How to Store Lavender Oil for Optimal Shelf Life

Lavender oil should be stored in a clean, dry glass container with a tight-fitting lid in a cool, dark place, such as a kitchen cabinet (away from the stove and oven). While a simple canning jar works fine, a dark glass bottle is best.

Check the “best by” date on the original bottle of the carrier oil you use; most have a shelf life of about one to two years. Using fresh lavender may reduce the shelf life to six to 12 months due to the moisture content. When in doubt, sniff the lavender oil; if it smells off, it likely has gone rancid and should be discarded.

Ways to Use Lavender Oil

Cute homemade soaps made with lavender oil.
Photo Credit: Backyard Garden Lover
  1. Lavender oil can be used on its own or as an ingredient in another product. Rub a few drops of lavender oil on your face as a moisturizer, or use it on the rest of your body as a general moisturizer or massage oil.
  2. It can also be applied directly to burns, insect bites, rashes, scrapes, and other areas needing healing or massaged into your wrists, neck, and temples as a relaxant.

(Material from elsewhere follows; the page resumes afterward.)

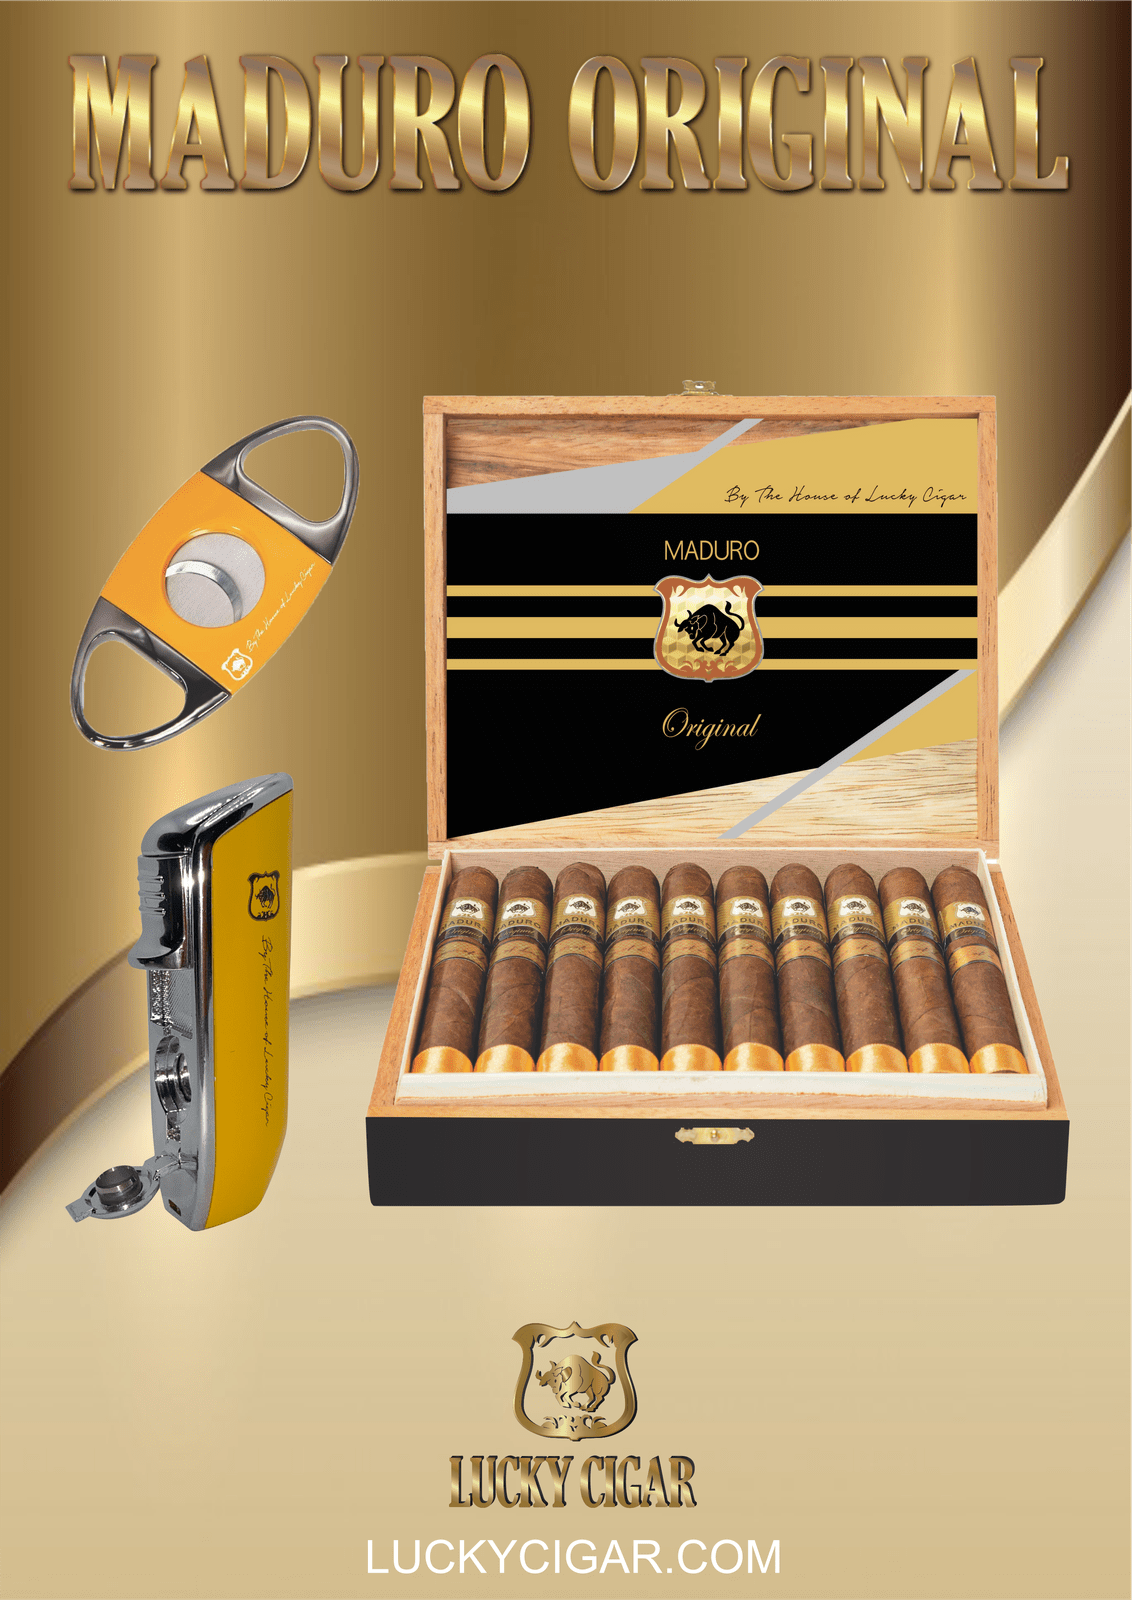 Lucky Cigar Sampler Sets: Set of Box Maduro Original Robusto Cigars with Torch, Cutter

Put some in an essential oil roller for easy application.
  3. Many homemade skincare products contain oil as a base ingredient, and lavender oil is a great option. Use it to make healing salve, body butter, soap, lip balm, and more.
  4. If you enjoy the taste of lavender, use lavender oil in recipes that call for oil, such as marinades, dressings, and baked goods. Remember to use an edible carrier oil, and pay attention to which is best used in high-heat applications if you plan to cook or bake with it (as opposed to a cold salad dressing).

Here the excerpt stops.